Souviens-toi des abeilles / Zineb Mekouar

Dans ce court roman, on découvre l’histoire du Rucher du Saint, le plus ancien rucher collectif du monde, « perché sur un flanc de montagne du Haut Atlas », à Inzerki dans le sud du Maroc. A travers la très belle relation intergénérationnelle entre un grand-père et son petit-fils, Jeddi et Anir, on apprend tout de l’apiculture et des traditions autour du rucher. Il est de coutume notamment de partager une partie de sa récolte. Tous les deux ont une passion pour les abeilles qui est communicative.

Mais à Inzerki, les villageois partent les uns après les autres, abandonnant les ruches. Ils espèrent trouver une vie meilleure en ville. La sécheresse les pousse à l’exode rural.

Anir a 10 ans. Il ne joue pas avec les autres enfants. Tous les matins, il s’échappe avec sa mère pour se promener. Elle s’arrête toujours à l’entrée du rucher, à droite, devant la ruche des abeilles noires, mais il ne sait pas pourquoi. Il ne comprend pas pourquoi sa mère a les « yeux métalliques ».

Son père, Omar, et son grand-père lui cachent un secret de famille.
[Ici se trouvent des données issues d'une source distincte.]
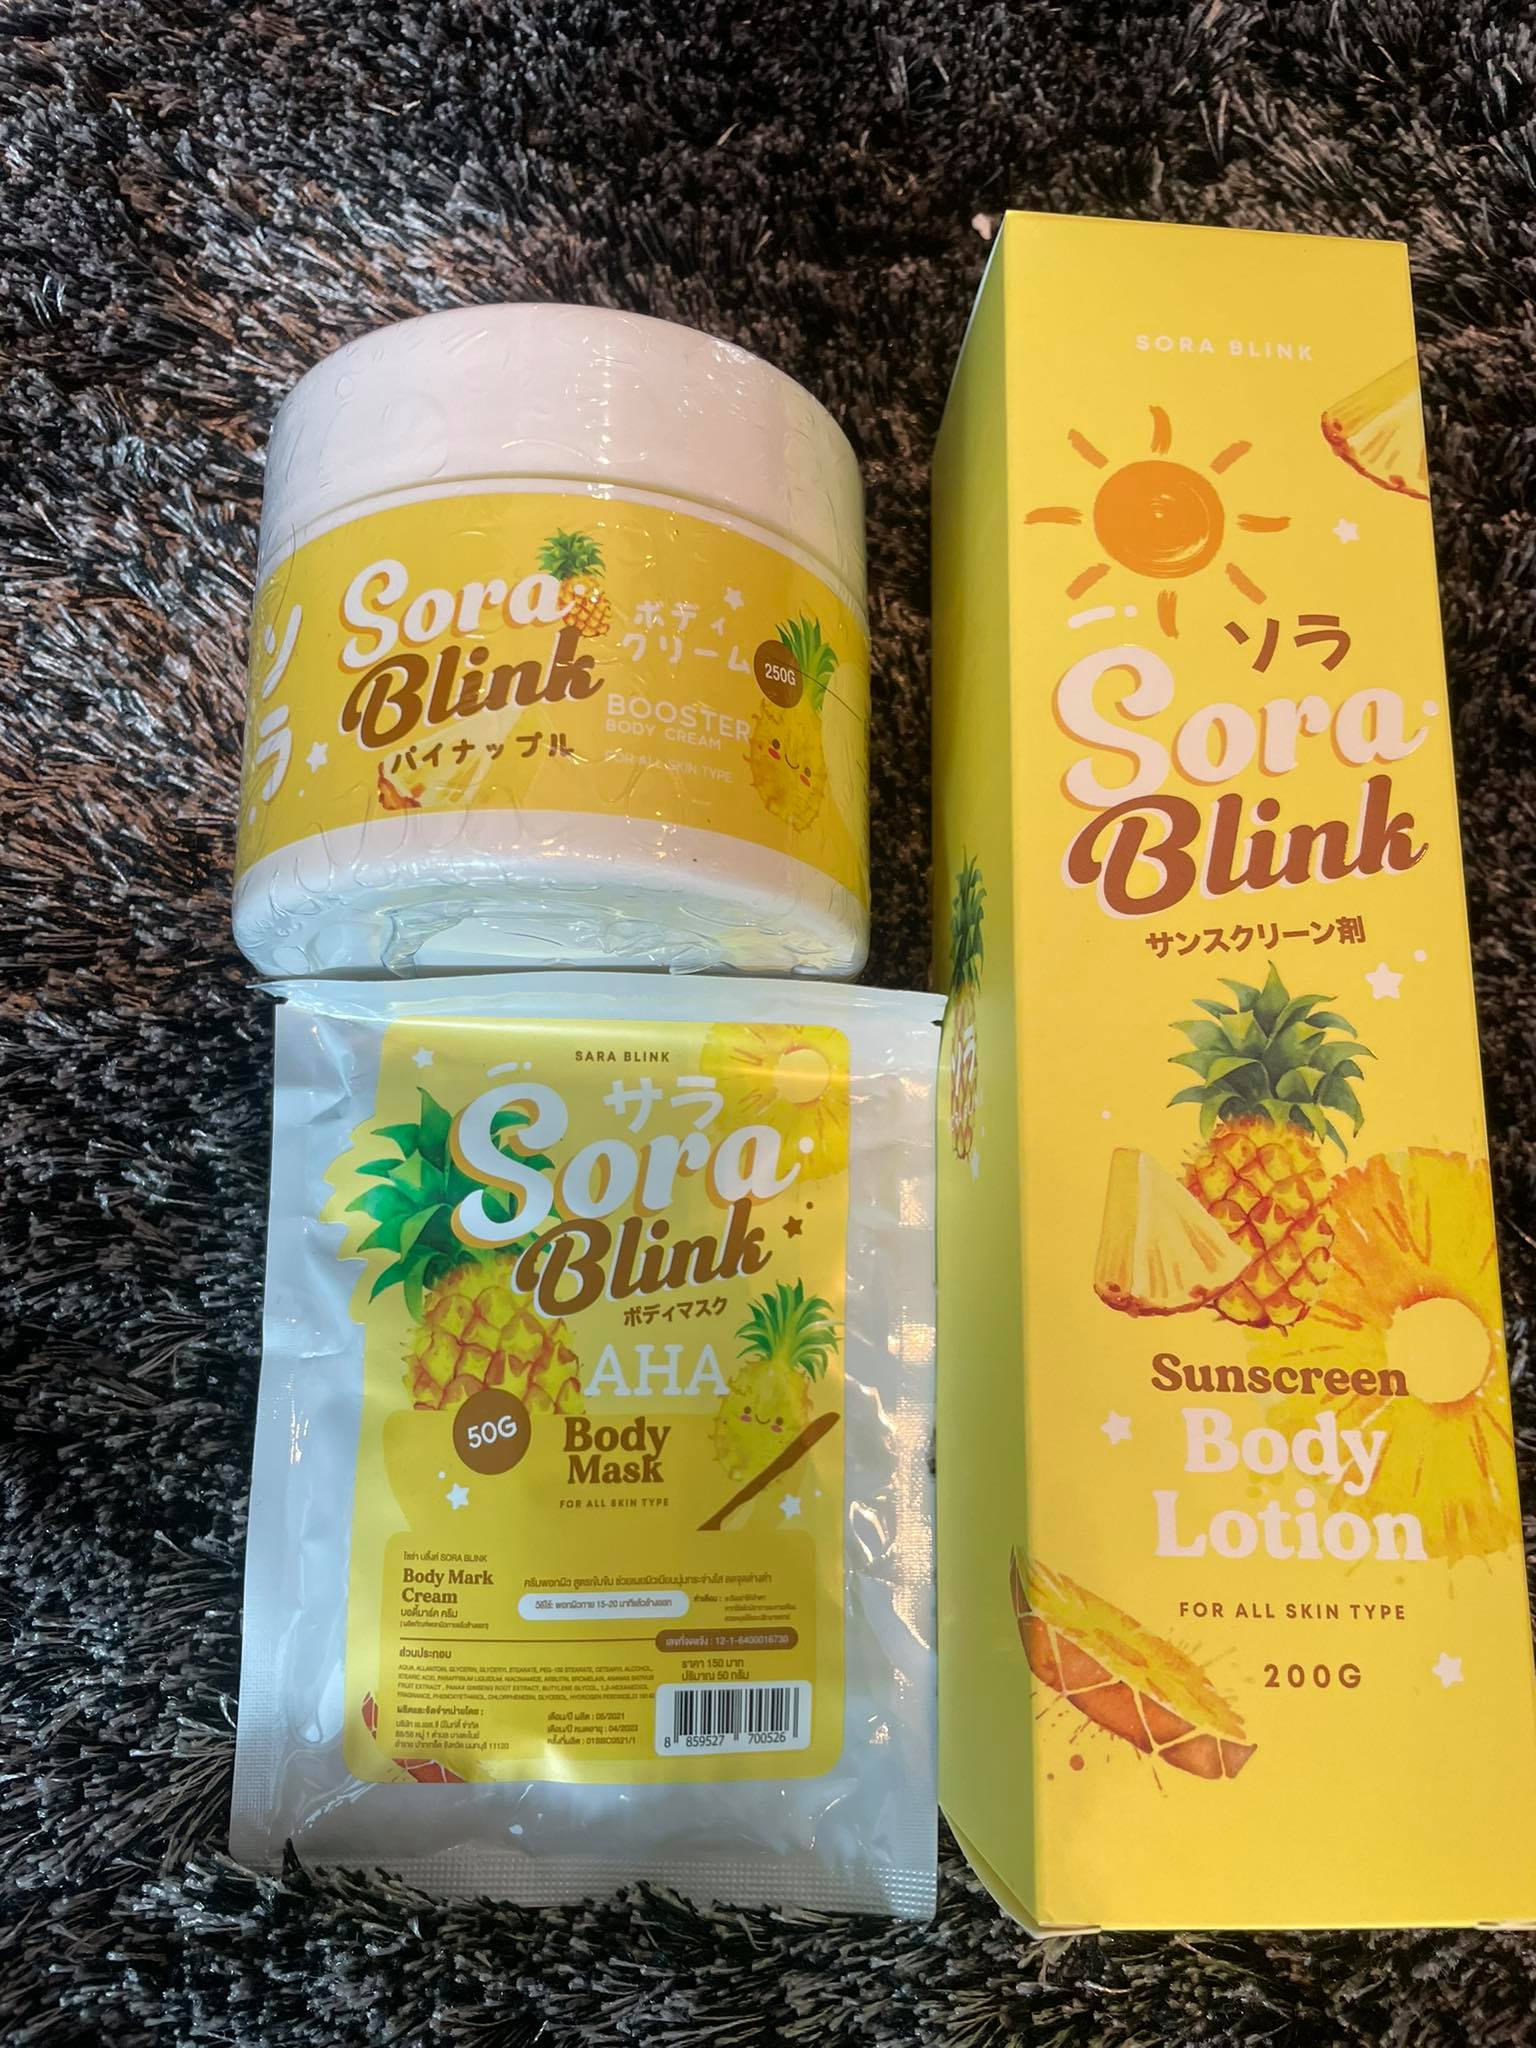 Sora Blink Body Mask for all skin type, Sunscreen Body Lotion, Sora Blink Booster Body Cream

Sa mère, Aïcha, vient d’un autre village. Elle est considérée comme une étrangère, mais surtout comme une « possédée » depuis l’événement tragique qui l’a plongée dans un état dépressif.

Omar est parti travailler à la ville, dans la supérette de son cousin Hamid. Il espère gagner de l’argent pour soigner sa femme. Mais la vie citadine n’est pas la vie rêvée pour cet homme de la campagne.

La chaleur est écrasante. L’eau vient à manquer pour les hommes et les abeilles. L’autrice convoque et éveille tous nos sens. On entend la terre craquer, les abeilles bourdonner. C’est une véritable ode à la nature. Cette histoire aux allures de conte est habitée de personnages attachants. J’ai été sensible à l’écriture de Zineb Mekouar, poétique, qui m’a happée. Le livre se termine un peu rapidement à mon goût. J’ai aimé l’entremêlement du destin des abeilles et des hommes. Ce petit insecte annonce la catastrophe écologique à venir… Souviens-toi des abeilles.

Note : 4 sur 5.

Incipit :
« Cette nuit-là
L’obscurité est là. Les cris aussi. Des cris qui ne lui ressemblent pas, des convulsions qui effraient la mère, accélérant le rythme de ses pas dans cette pièce aux murs immenses. L’enfant est dans ses bras, bercé par cette mélodie qu’il aime pourtant, qui l’a tant de fois apaisé. »

« Do, do, da ; grave, grave, aigu. »

« Écoute ce chant,
Doux et chaud,
Comme le miel que font les abeilles.
Je t’offre ces notes, le son de ma voix.
Te souviendras-tu que je chantais pour toi ? »

« Au-dehors, c’est très silencieux. A l’aube, tout s’étire, se détend, le dos, les épaules du monde ; ça craquelle mais c’est agréable, la sève est partout, rien n’est asséché encore et peut-être que rien ne s’achèvera, ni le bourdonnement des abeilles, ni rien de la sorte, jamais. »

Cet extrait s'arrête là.